Oft mit schweren Anhängern unterwegs? Dann passt Führerscheinklasse BE. Foto: Quinckhardt

Inzwischen gibt es drei Varianten des Pkw-Führerscheins. Jede erlaubt eine andere Kombination von Pkw und Anhänger. Wir erklären die Unterschiede.

Die Fahrerlaubnisklassen B und BE stellen den klassischen Pkw-Führerschein dar, wobei BE das Ziehen schwerer Anhänger bis 3,5 t zulässige Gesamtmasse (zG) erlaubt. Seit dem 19. Januar dieses Jahres bietet die Fahrerlaubnisverordnung für Personen, die häufig mit dem Anhänger unterwegs sind, eine weitere Option: Die Fahrerlaubnis B mit der Schlüsselzahl 96.

Für das kleine Gepäck

Klasse B:
Die Fahrerlaubnisklasse B berechtigt zum Fahren von Kraftfahrzeugen mit einer zG bis zu 3,5 t mit maximal neun Personen (inklusive Fahrer). Damit sind die meisten Pkw und auch Kleintransporter abgedeckt. Der Anhängerbetrieb ist allerdings eingeschränkt. Grundsätzlich mitgeführt werden dürfen Anhänger bis 750 kg zG. Übersteigt das Anhängergewicht diesen Wert, darf die zG des gesamten Zuges die 3,5-t-Grenze nicht überschreiten. Und die Kosten? Für den Erwerb der Fahrerlaubnis B sind im Schnitt etwa 2.000 € zu veranschlagen. Spezielle Fahrstunden mit Anhänger sind nicht vorgeschrieben.

Die große Lösung

Klasse BE
: Hat man BE in der Tasche, erweitert das die Einsatzmöglichkeiten mit Anhänger erheblich. Der von einem Pkw zu ziehende Anhänger darf über eine zG von 3,5 t verfügen – die Zuggesamtmasse spielt nur insofern eine Rolle, als sie durch die Maximalgewichte von Zugfahrzeug (3,5 t) und Anhänger (3,5 t) bzw. herstellerseits beschränkt ist.

Drei Klassen auf einen Blick
Unsere Übersicht zeigt, welche Fahrzeuge Sie mit welcher Führerscheinklasse fahren dürfen und was der Erwerb der Fahrerlaubnis ungefähr kostet.

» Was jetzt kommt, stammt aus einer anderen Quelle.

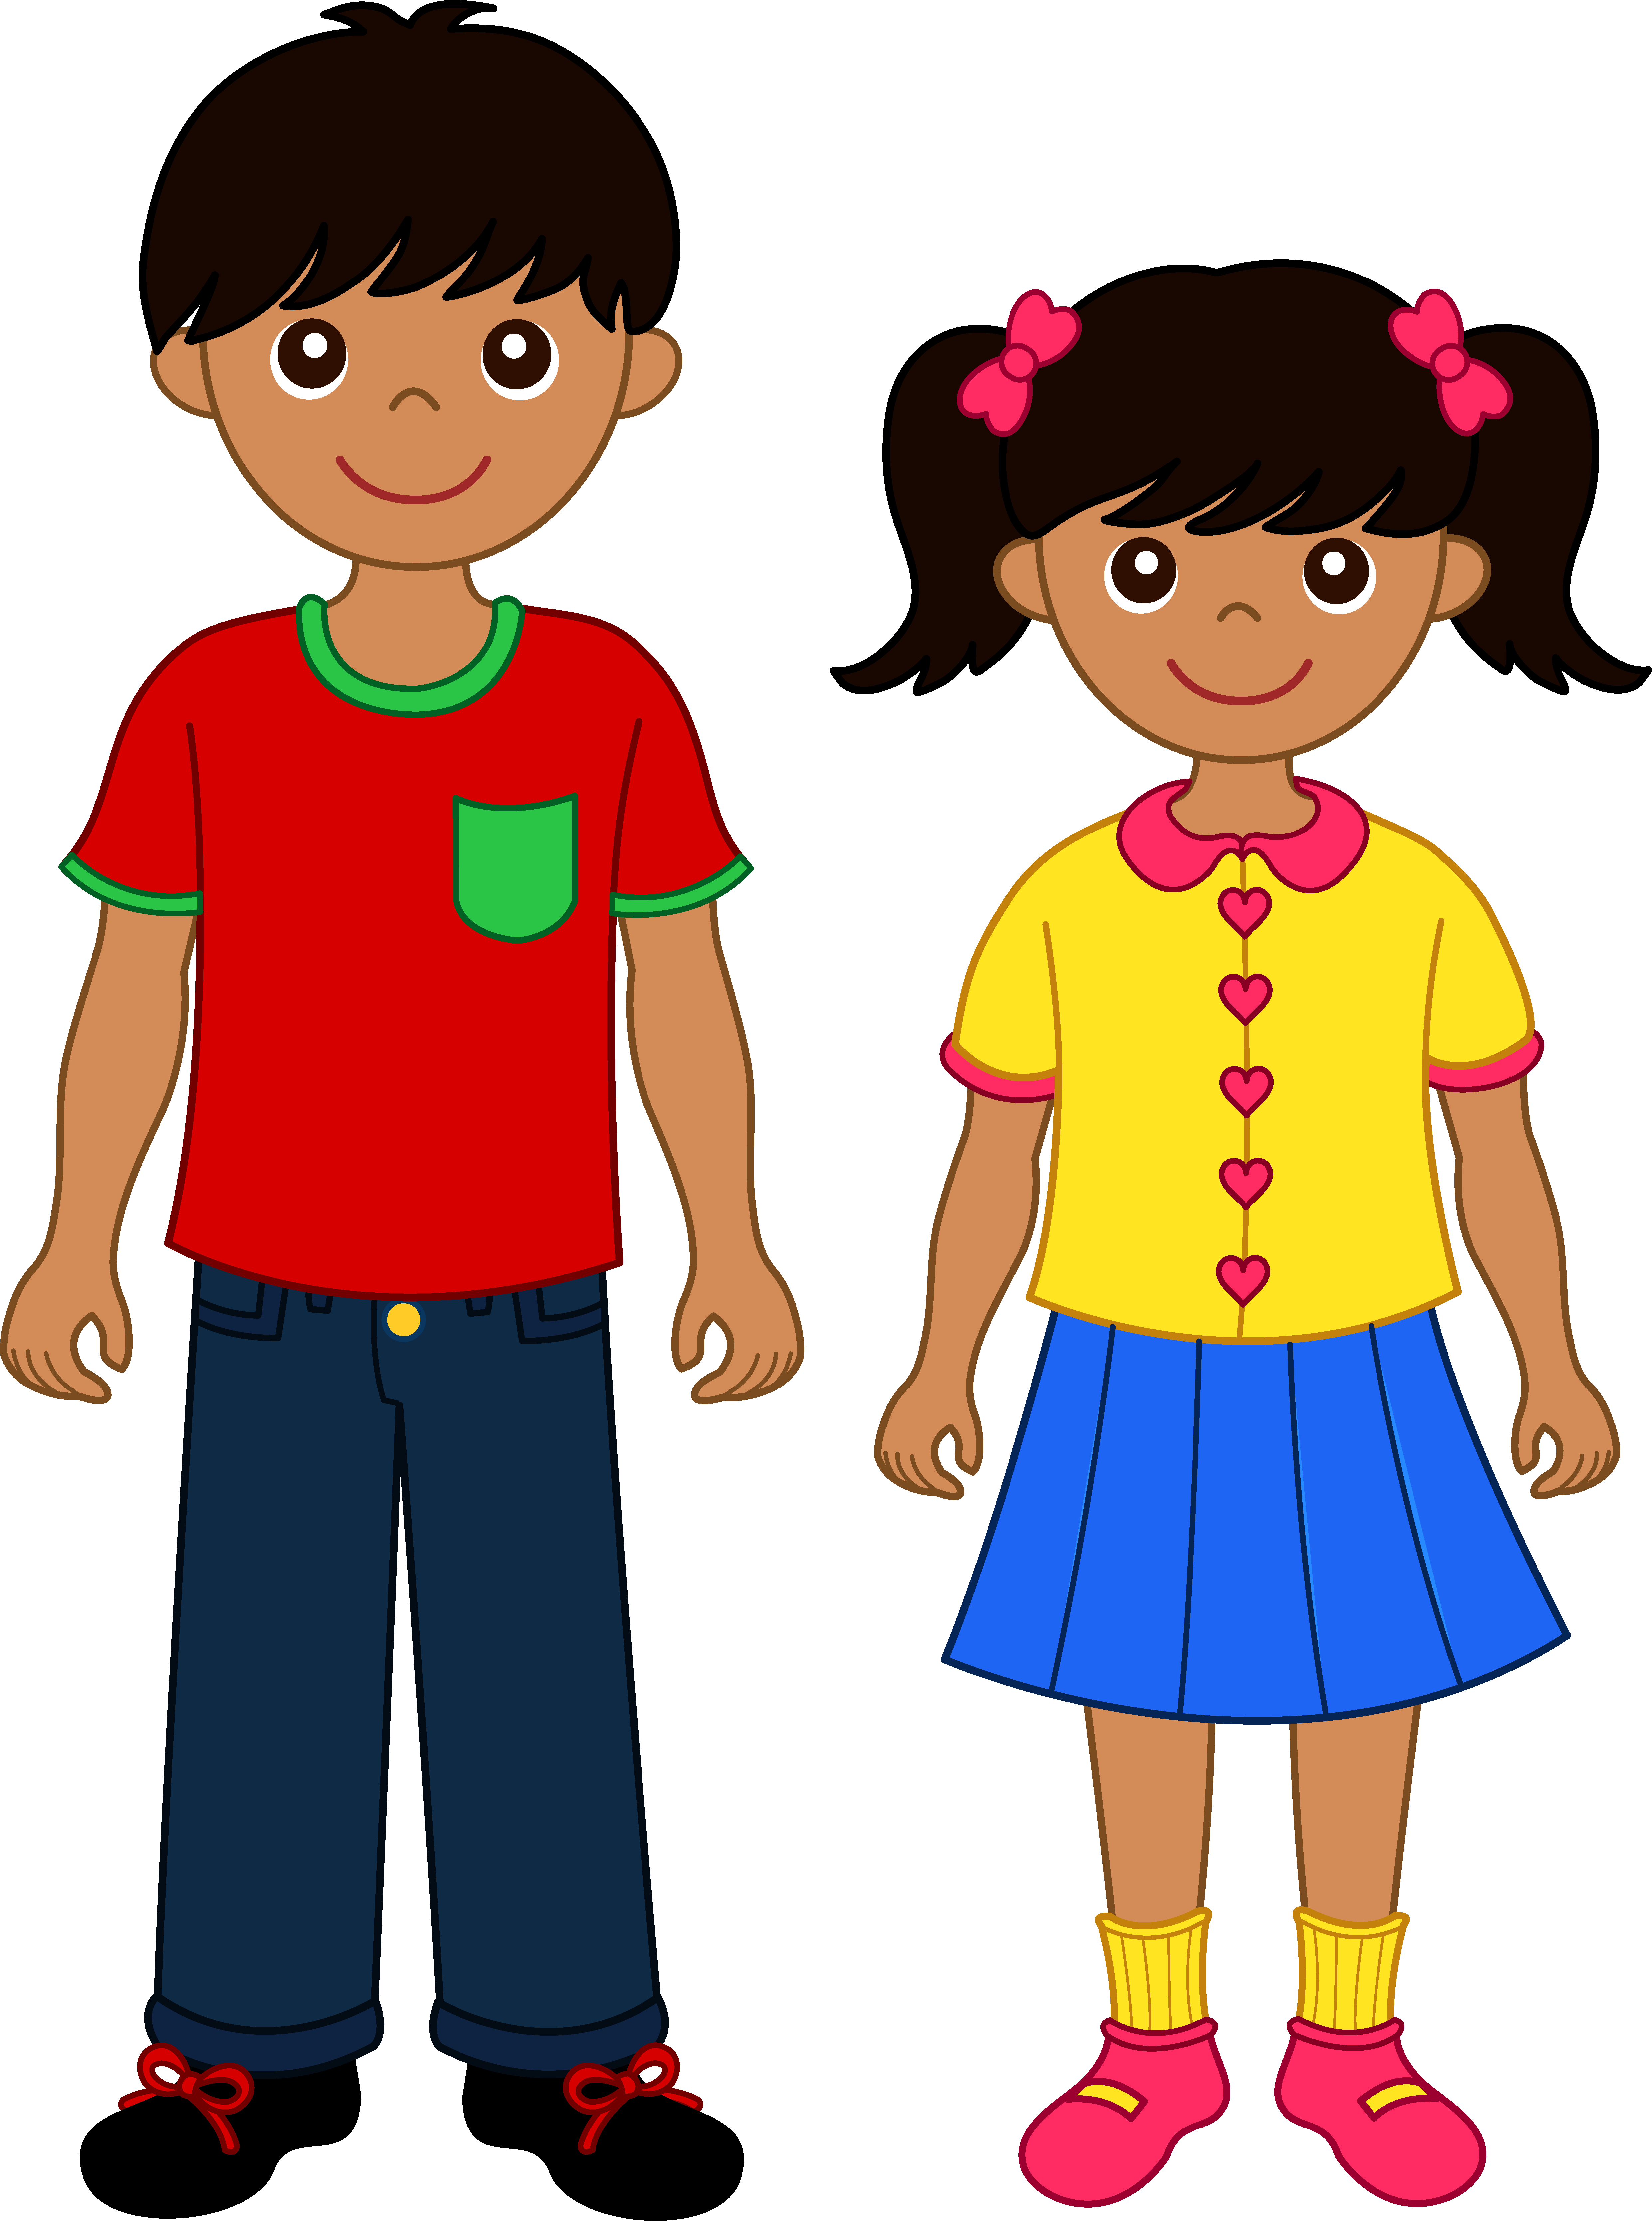 Brother and sister free. Grandparents clipart cartoon
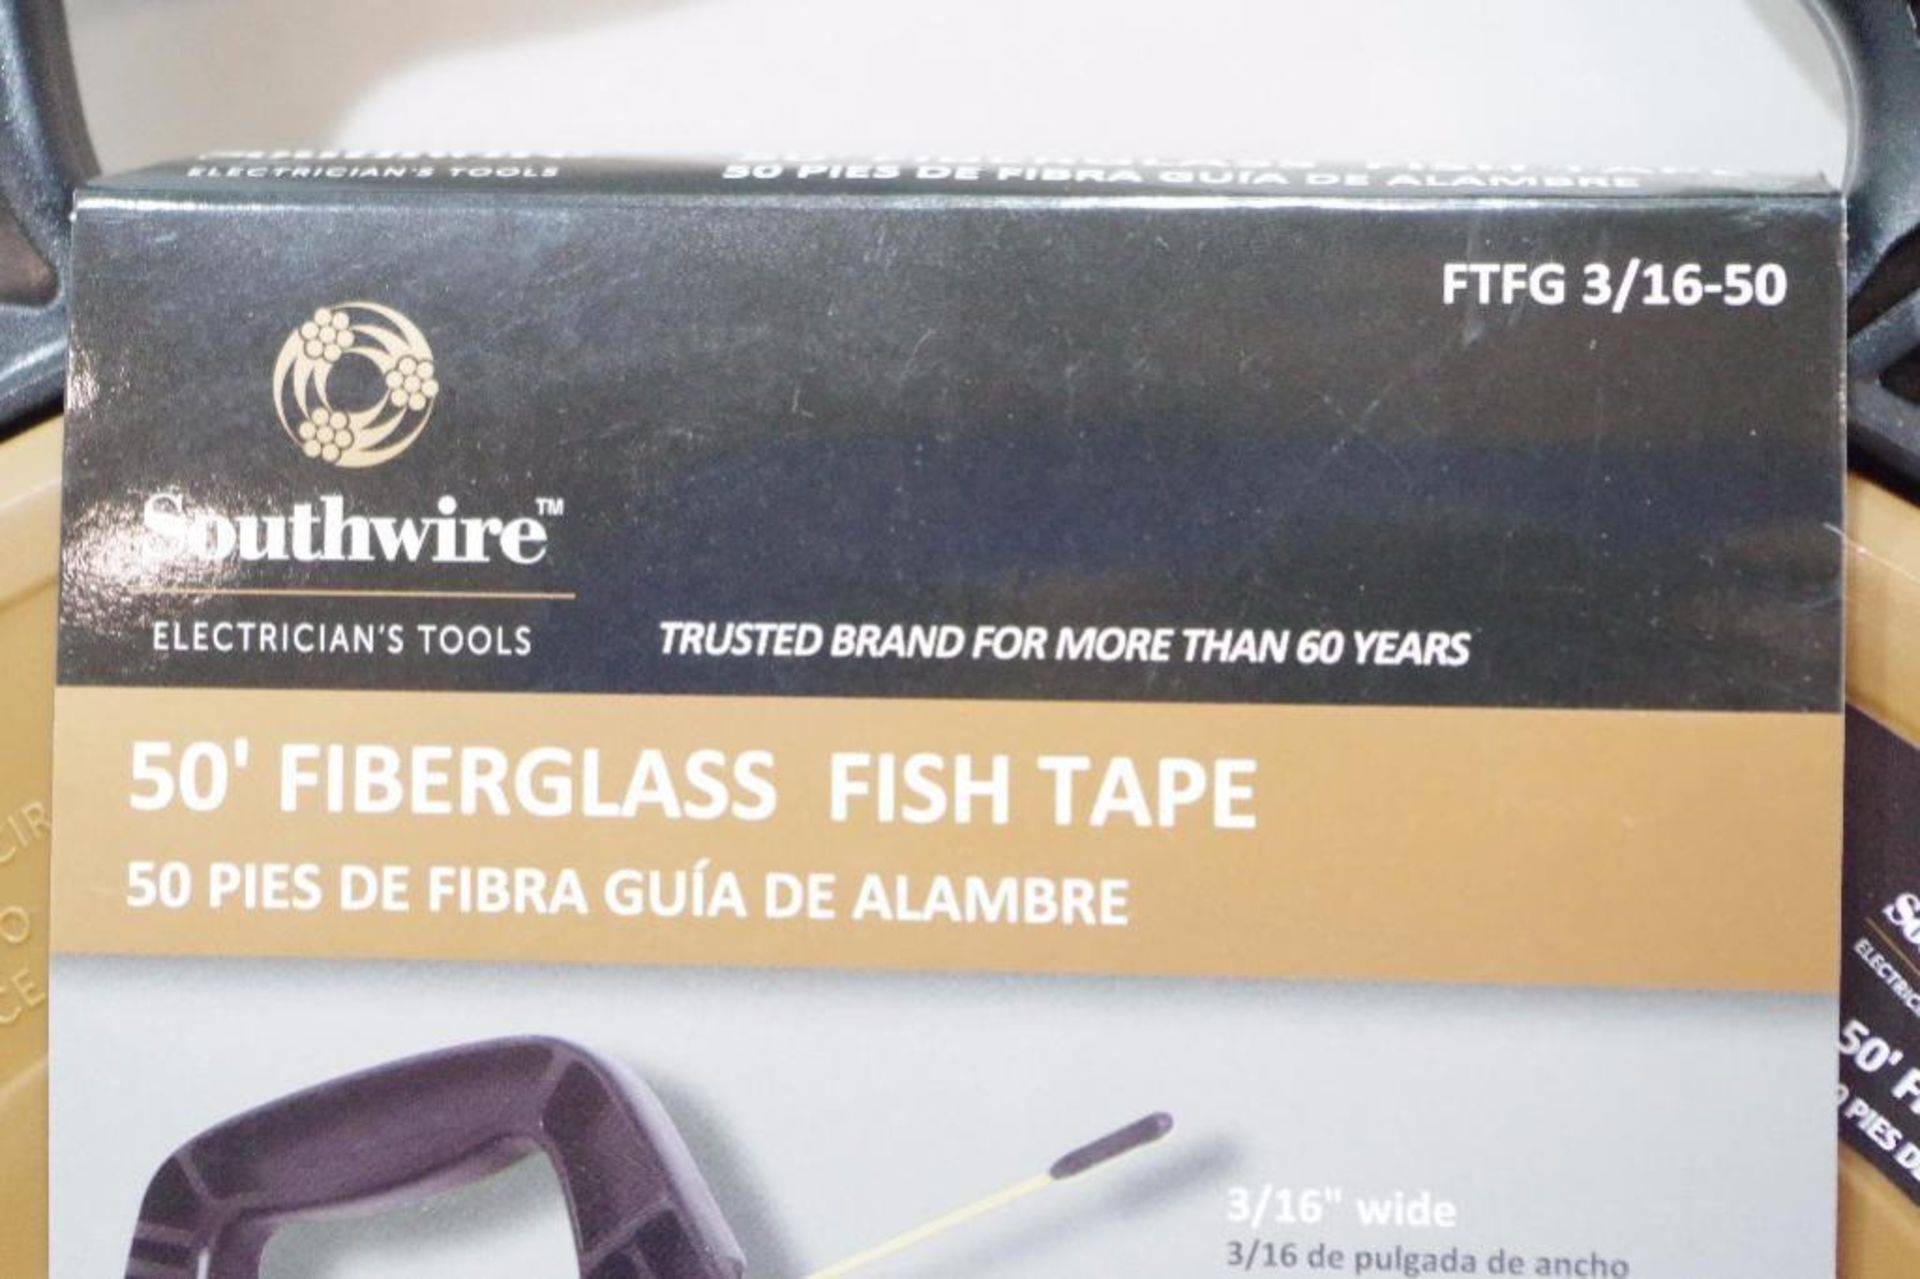 NEW SOUTHWIRE 50' Fiberglass Fish Tape, 3/16" Wide (M/N FTFG 3/16-50) - Image 2 of 3

Die zusätzlichen Kosten für die „E-Klasse“ sind nicht ohne. Denn sie ist eine eigenständige Ergänzungsklasse und setzt als solche mindestens fünf Pflichtfahrstunden, einige Übungsstunden sowie eine gesonderte Fahrprüfung voraus. Eine theoretische Prüfung ist allerdings nicht erforderlich. Je nachdem, wie geschickt sich der Fahrschüler anstellt und ob von der Fahrschule eine Grundgebühr erhoben wird (entfällt oft, wenn B und BE in einem Rutsch gemacht werden), belaufen sich die Kosten auf 400 bis 700 €.

Die Zwischengröße

B 96:
Die Alternative zu BE gibt es seit Anfang dieses Jahres. Sie ist nicht nur für Führerscheinneulinge gedacht, sondern auch für alte Hasen. B 96 erlaubt jetzt eine zG des Zuges von 4,25 t. Auch hier gilt: Für die Berechnung ist nicht das tatsächliche Gewicht, sondern die Summe der in den Papieren (Fahrzeugschein, Zulassungsbescheinigung Teil 1) vermerkten zulässigen Gesamtmassen ausschlaggebend.

Weil B 96 keine eigene Fahrerlaubnisklasse darstellt, sind die Anforderungen an den Erwerb nicht so hoch wie bei BE. Vorgeschrieben ist eine siebenstündige Fahrerschulung ohne Prüfung. Sie setzt sich aus 2,5 Stunden theoretischem Unterricht, 3,5 Stunden praktischen Fahrübungen (Rangieren usw.) und 1 Stunde Fahren im öffentlichen Straßenverkehr zusammen.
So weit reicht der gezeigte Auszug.